My girl, who at six months old in a hotel lobby in Guatemala City, could hold my enraptured gaze for hours just by wiggling a finger, raising one corner of her mouth, meeting my eyes, cooing, because she was my baby lying on a blanket and when I looked at her, everything around us fell away.  Suddenly, I was a mom.  I was her mom, and she was mine.

“I’m not your kid,” she said to me last week for the first time.  “You’re not my mom.”  She may have even tried to kick me. I don’t remember.  She was, I think, the angriest she’s ever been.  She had eaten all the quesadillas on the table, after I’d warned her to stop and save some for the other kids.  As a consequence, she was not allowed to join the rest of our friends and family in a quick swim in the lake after dinner.  Doling out consequences on vacation is a drag.

“You’re my kid, honey, and no matter who gave birth to you, I’m your mom.”  She wouldn’t hold my gaze.  She wouldn’t hear me. Definitely then, she tried to kick me and I stepped back.

“I don’t even care if she’s strict,” she screeched once everyone else was outside – except her Mama, my partner, her other mom, who was washing dishes nearby in the kitchen.  “I want to live with her. She’s my mom, not you.”  Don’t get mad. Don’t get mad. Don’t get mad. Don’t get mad. Don’t get mad.

“We’re both your moms, in different ways,” I finally said.  (Clearly, I wouldn’t be swimming either.)

“People can only have one mom!  I mean –“ I knew what she meant.  Mostly, she was mad.  Not just about the swimming.  But being raised by two moms – that wasn’t the trouble.  That wasn’t her point, and even though she might have thrown me to a pride of hungry lions right then if she’d seen any, she wanted me to at least know… that.

I started reading a book after we got home – not about adoption, although I have shelves of adoptive parenting books at this point – but about talking and listening.  Simple communication between parents and kids.  It’s called, “How to Talk So Kids Will Listen & Listen So Kids Will Talk.”  I love this book.  It starts off by demonstrating how our kids feel when we deny their feelings, and how many ways we deny them in the course of everyday life.  It’s eye-opening.

I’m still in the first chapter, but I’ve begun rolling out this book in daily dialogue and now my partner is getting foot rubs while I read aloud from a fairy journal – and while it may be just the way the stars lined up this week, and while it may have been my daughter’s choice, too, after her outburst, and while it may be just one of those awesome unpredictable flukes that brings our family into synchronicity for a time, I do wonder if this book – or even just its title – has something to do with my daughter’s new attitude, her new behavior, this sudden maturity, our ability to sit together as a family and simply enjoy being who we are together.

* * * * *

“Am I older, Mami?”

“Yes, sweetheart.  You are.”

“Do you have a creative mind tonight, Mami?”

“Yes,” I told her.

“Thank you!  It’ll be good. I know it will.  It’s okay if it’s short. Or stupid.  I’ll like it.”

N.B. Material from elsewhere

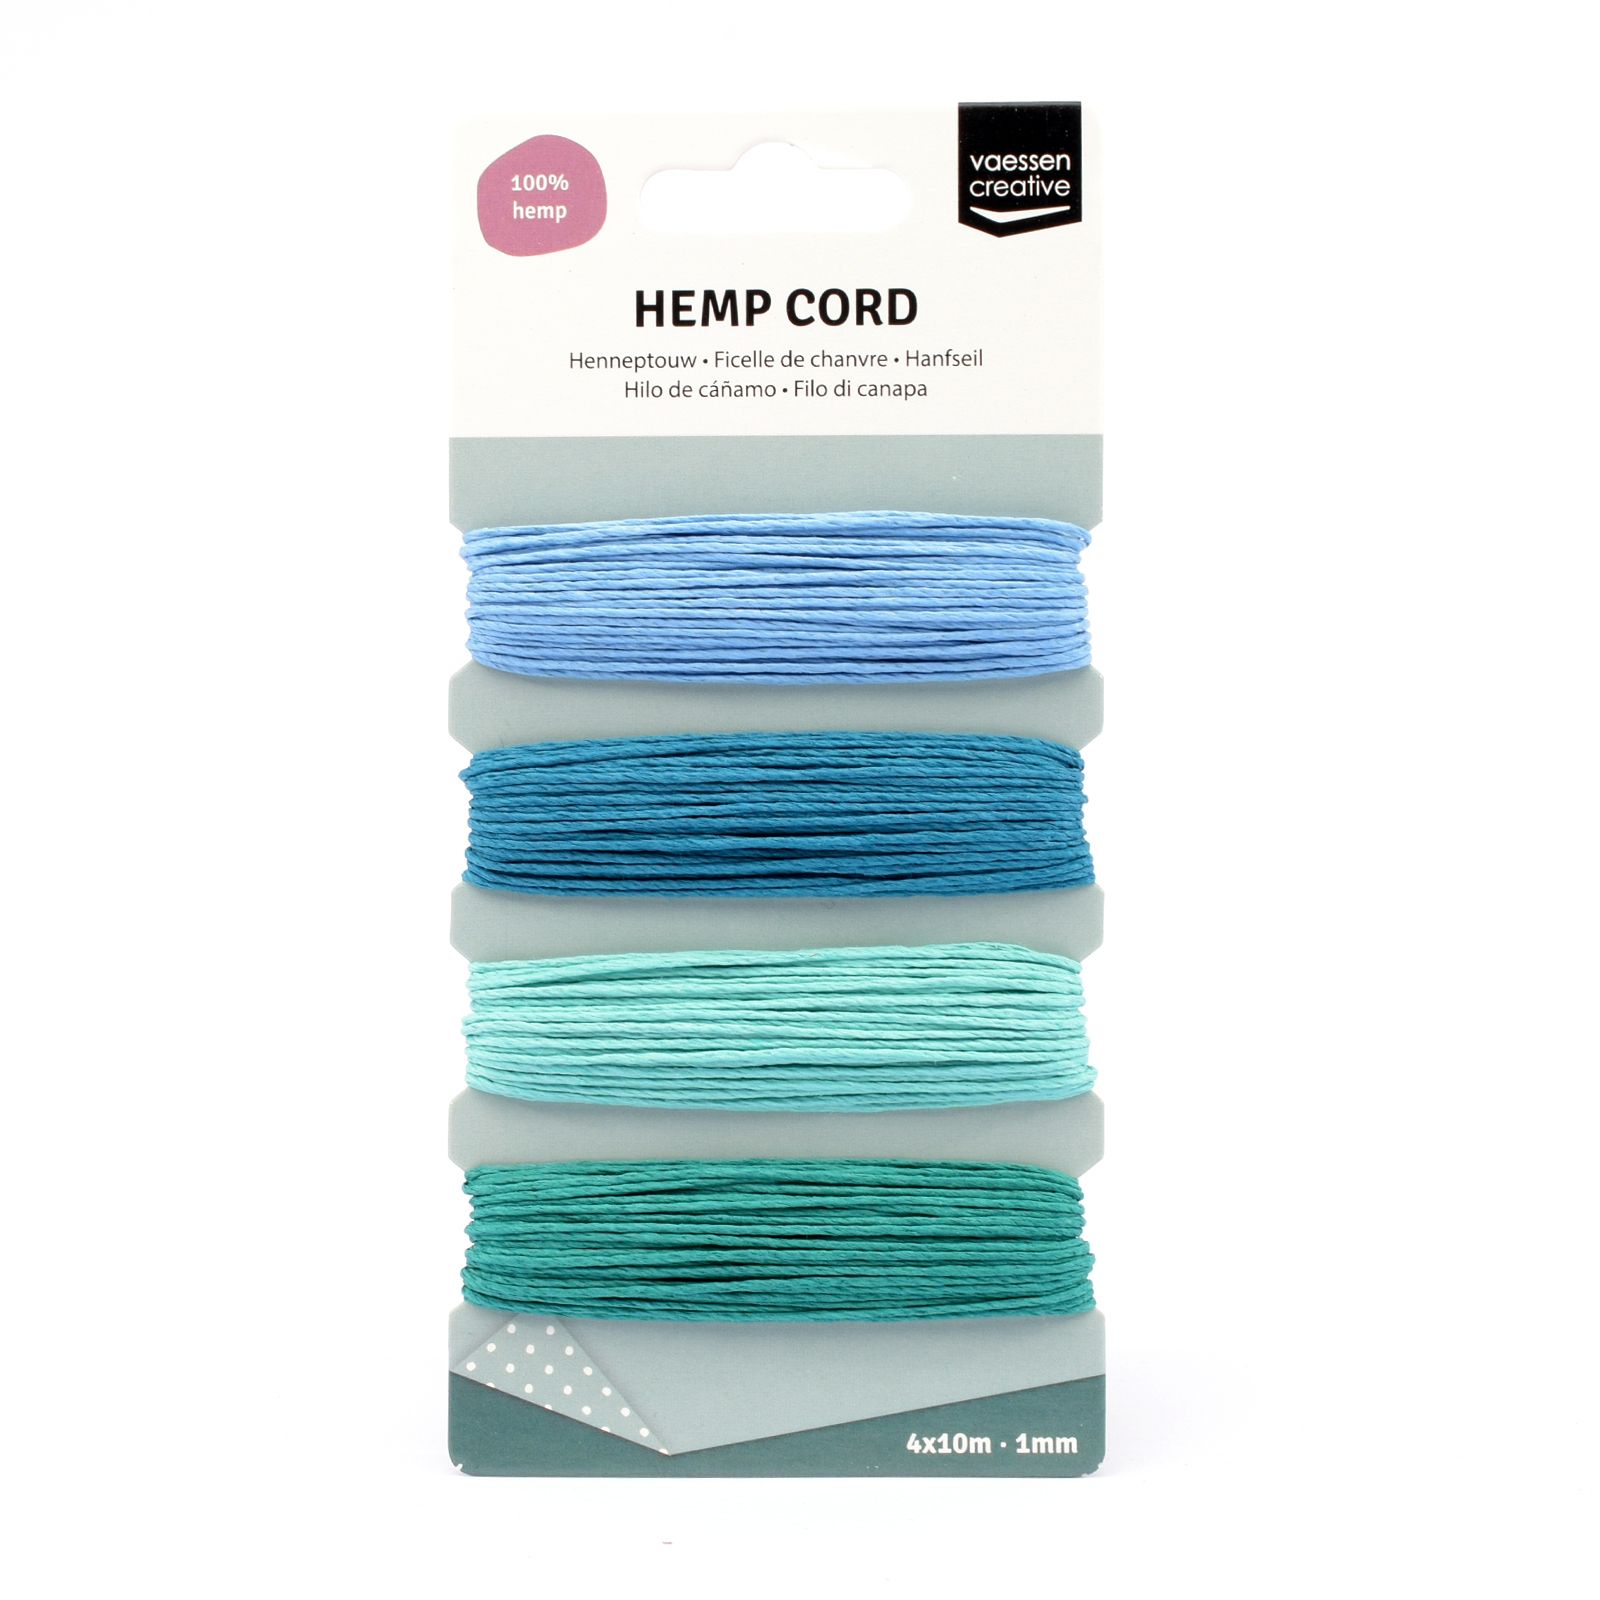 Vaessen Creative • Hemp Cord Assortiment 4x10m Blue/Green

I told her a story about a baby calf named Lilac who loved to prance and sing, and Lilac’s good friend George, a tiny dog who could fit into a human palm.

“What about a kid’s palm?”

“He fit into two kid hands, like this.  Well, maybe one and a half of yours.  Your hands are getting big now.”

“No. Two of my hands, too. See?”

Okay.  Two hands, then.  But not for long.